Two user categories were differentiated: Medical experts hired to interact with the application; and crowd, anyone who downloaded and used the application.

**Show that the crowd agrees with the expert majority more than experts agreeing with the expert majority**


### Import datasets

In [85]:
import pandas as pd
import numpy as np
results = pd.read_csv('1345_customer_results.csv') #medical case results
admin = pd.read_csv('1345_admin_reads.csv') #raw individual read

### Inspect Customer Results

In [86]:
results.dtypes
results = results.set_index('Case ID')

**Preliminary filtering for security purposes**


In [87]:
results = results.dropna(subset=['Origin']) 
results["Expert: Abnormal Votes"] = results["Origin"].str.extract(r'vote(\d)').astype(float)
results = results.drop(['Origin Created At','Origin','Content ID','URL'],axis=1)

In [88]:
results.head(2)

Any rows that did not have a string associated with expert votes in the URL were dropped (i.e.

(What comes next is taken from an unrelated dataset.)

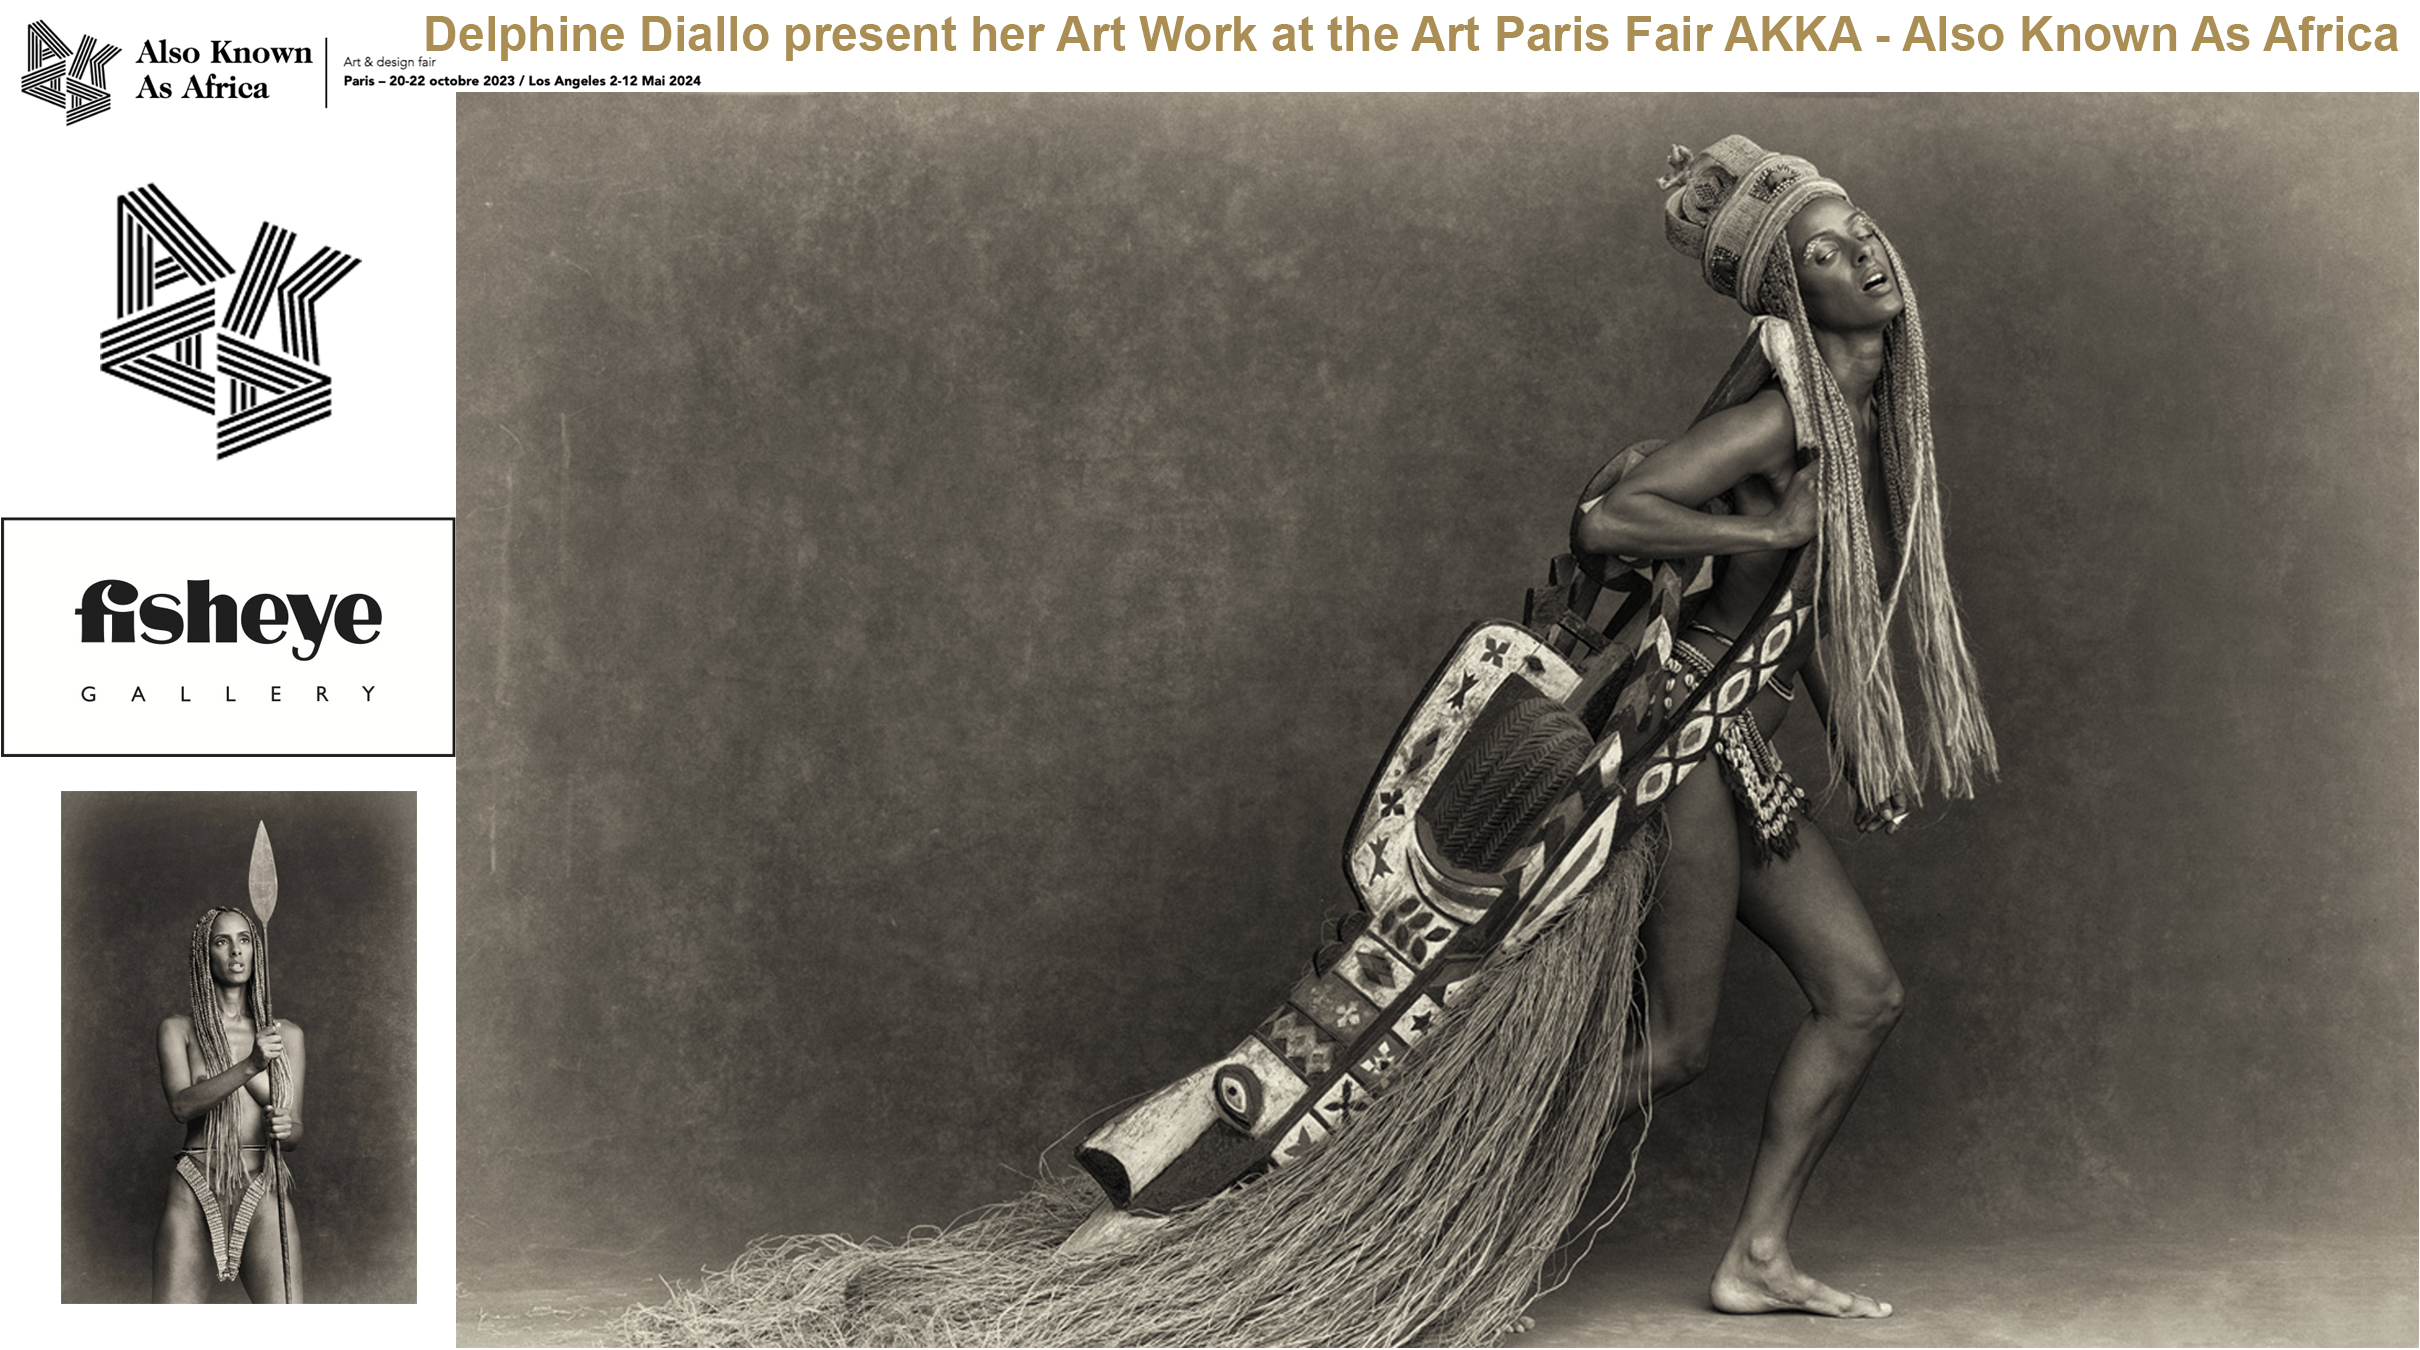 AFRICA-VOGUE-COVER-STUDIO-24-BENIN-Delphine-Diallo-present-her-Art-Work-at-the-Art-Paris-Fair-AKKA-Also-Known-As-Africa -DN-AFRICA-Media-Partner

NA)

In [89]:
results = results.dropna(subset=["Expert: Abnormal Votes"])

**Inspect NaN Columns for Content**

In [90]:
results.loc[results['Series'].notna()| results['Series Index'].notna() | results['Patch'].notna() | results['Internal Notes'].notna() | results['Explanation'].notna()]

Dataframe is empty; columns inspected will be dropped

In [91]:
results = results.drop(['Series','Series Index','Patch','Internal Notes','Explanation'],axis=1)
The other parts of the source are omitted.